**Problem to solve:**
What you return should be the full listing, word for word, without a single image.

**Input data:**
......

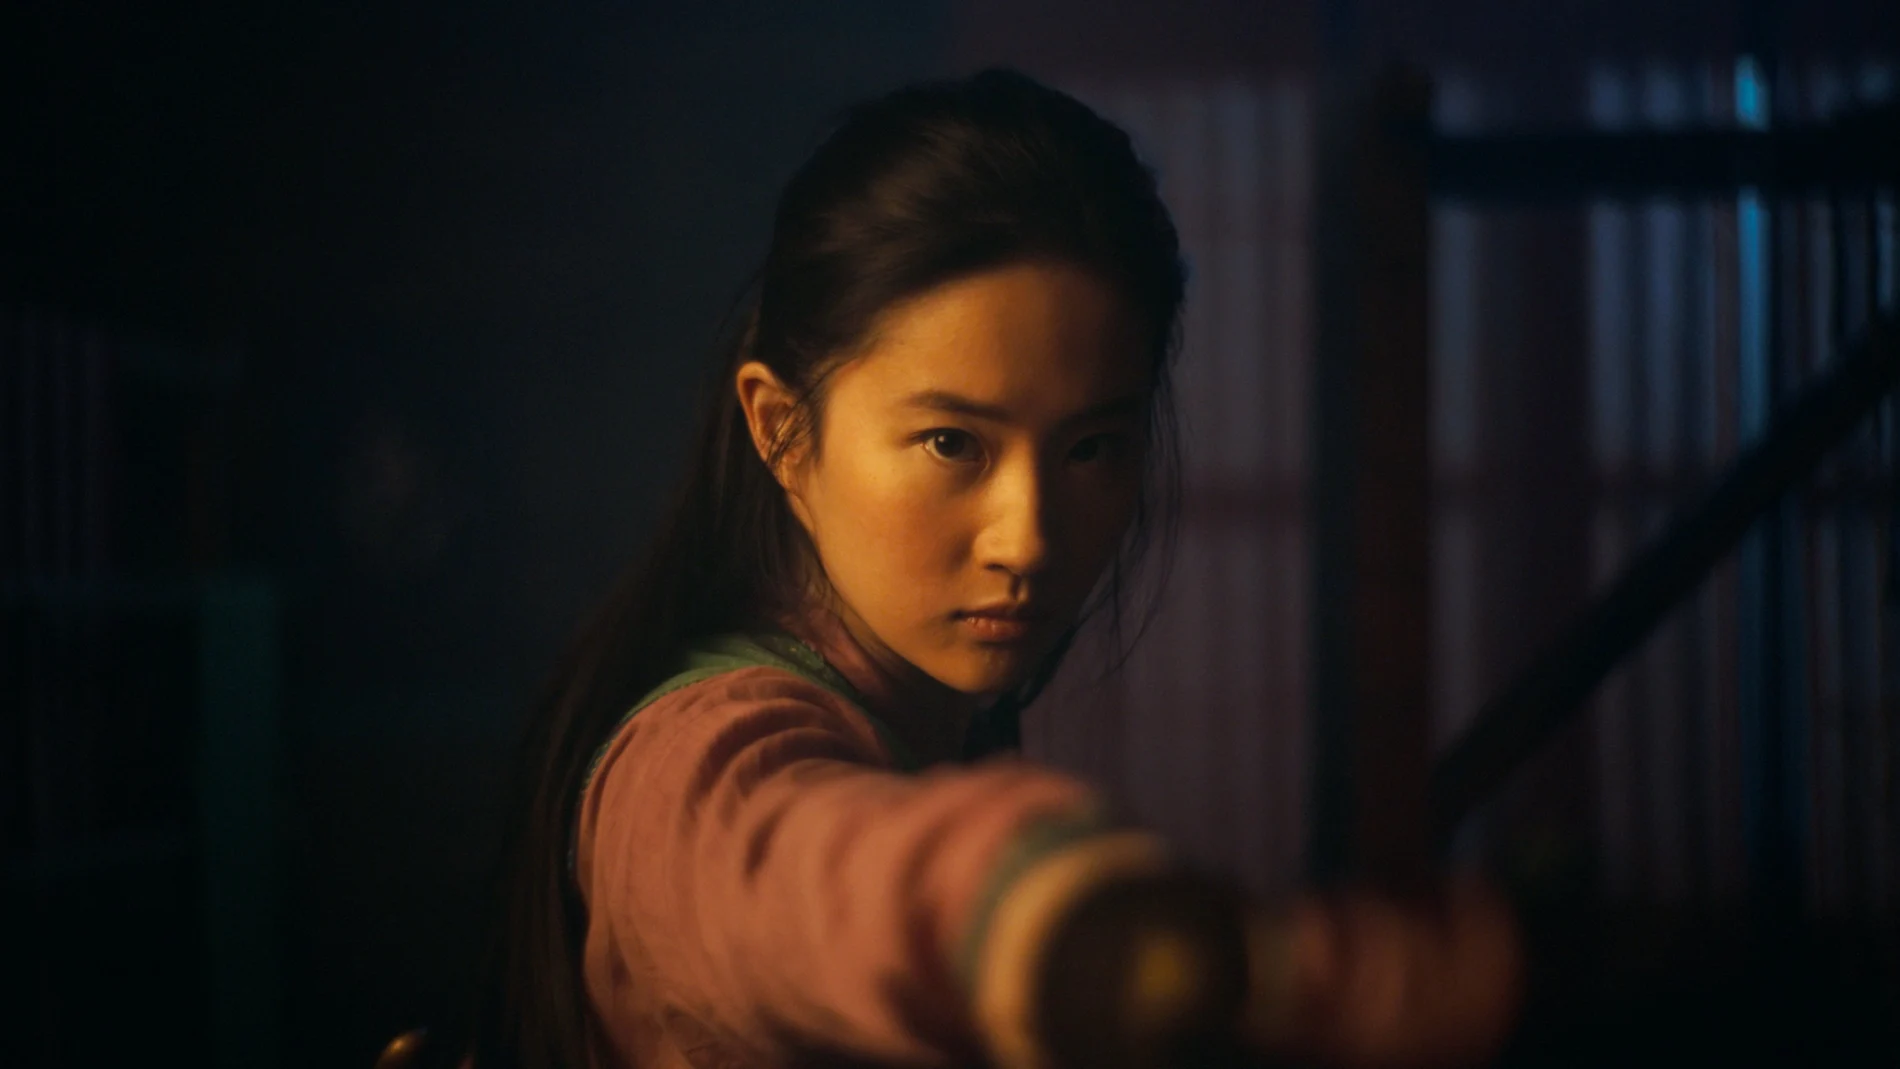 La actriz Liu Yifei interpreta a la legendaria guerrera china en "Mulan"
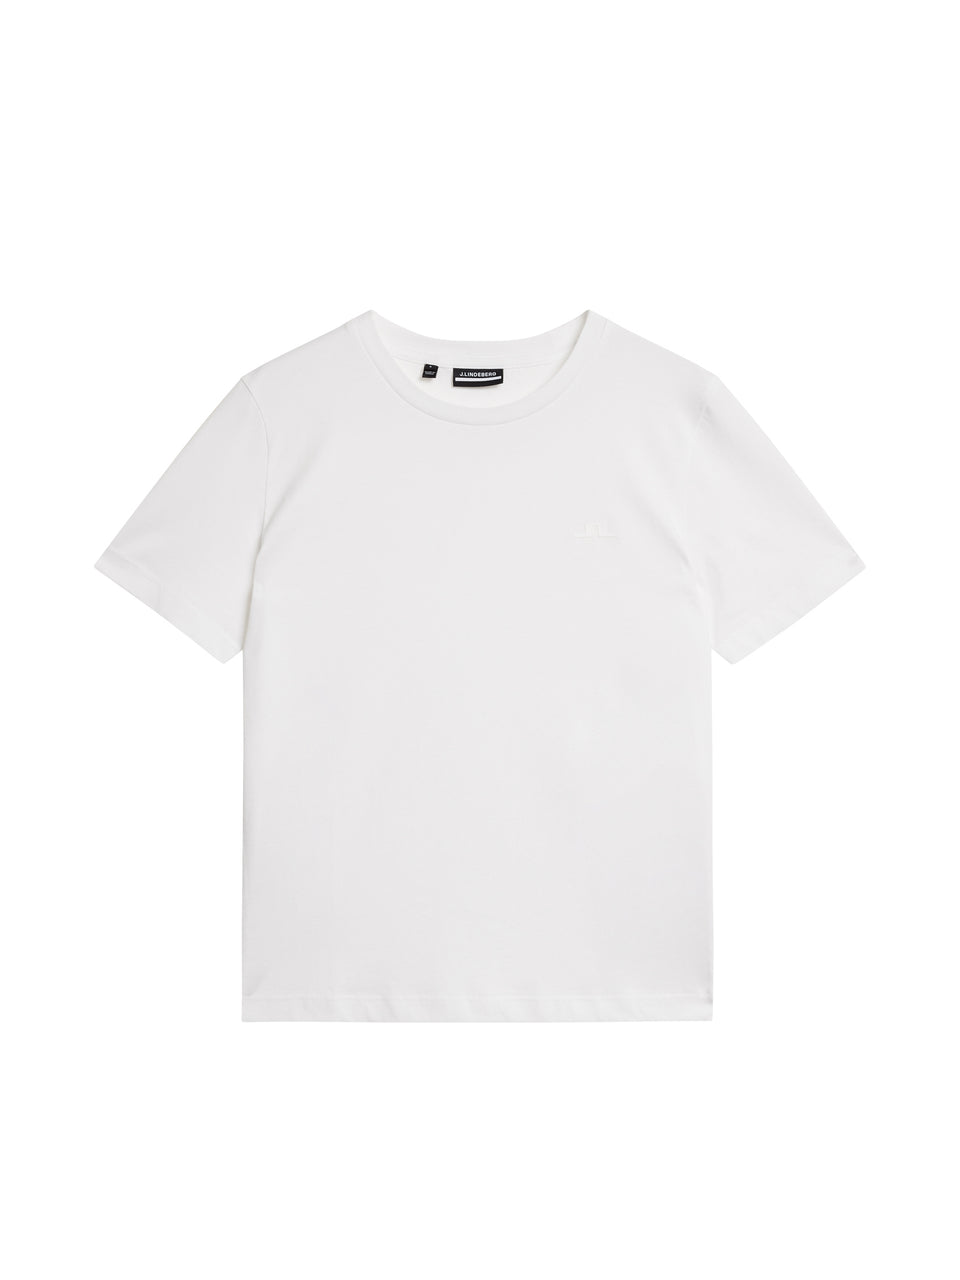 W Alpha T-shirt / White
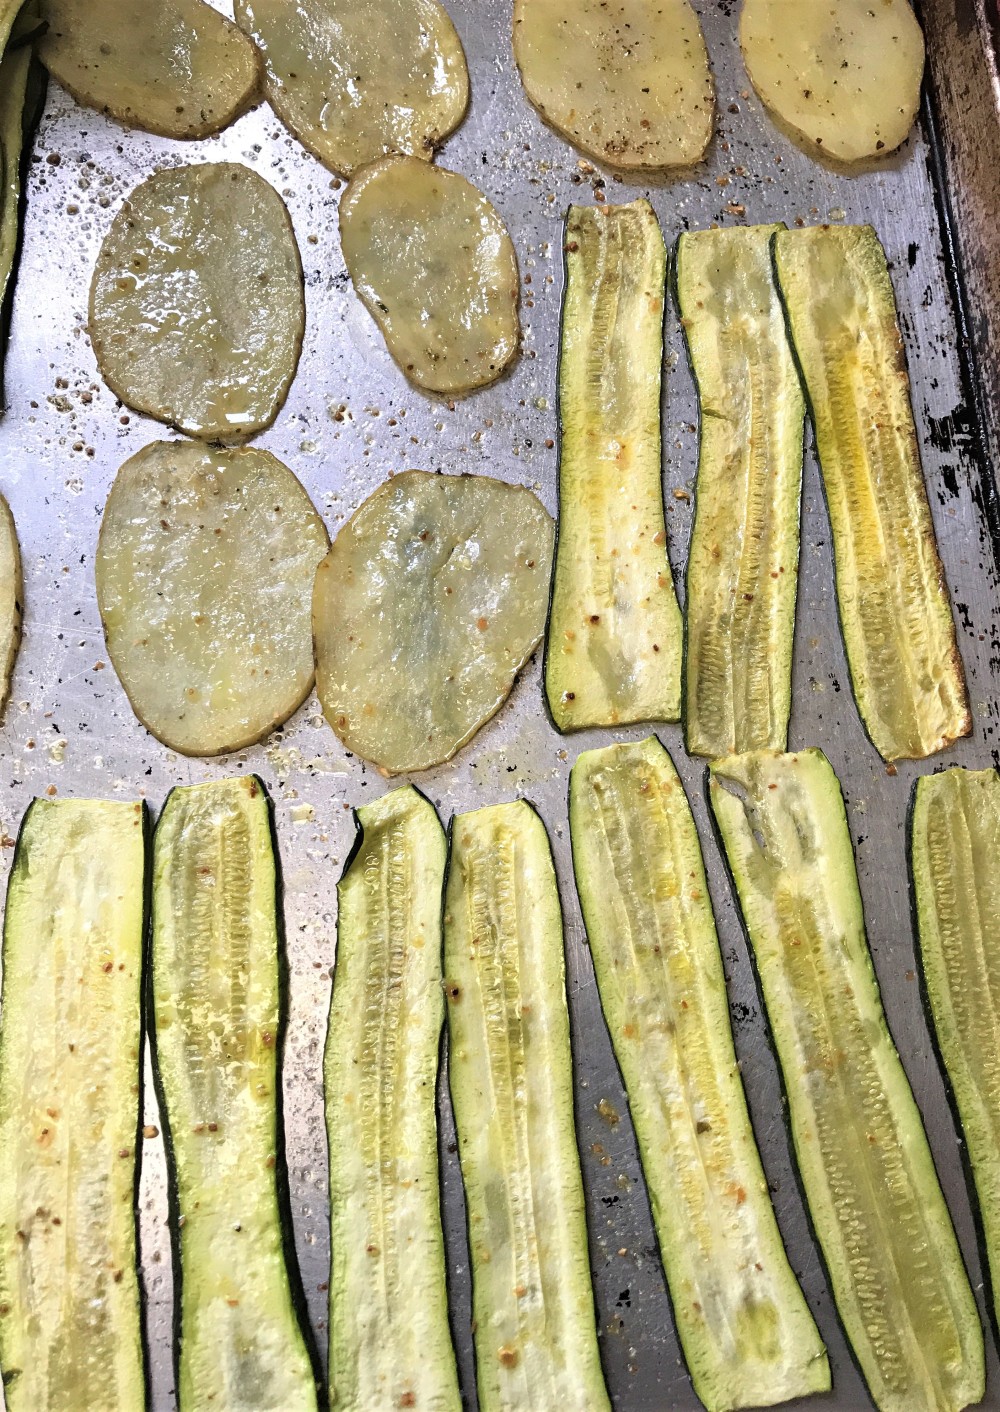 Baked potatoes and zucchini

......

**Written solution:**
 La actriz Liu Yifei interpreta a la legendaria guerrera china en "Mulan"
 W Alpha T-shirt / White
 Baked potatoes and zucchini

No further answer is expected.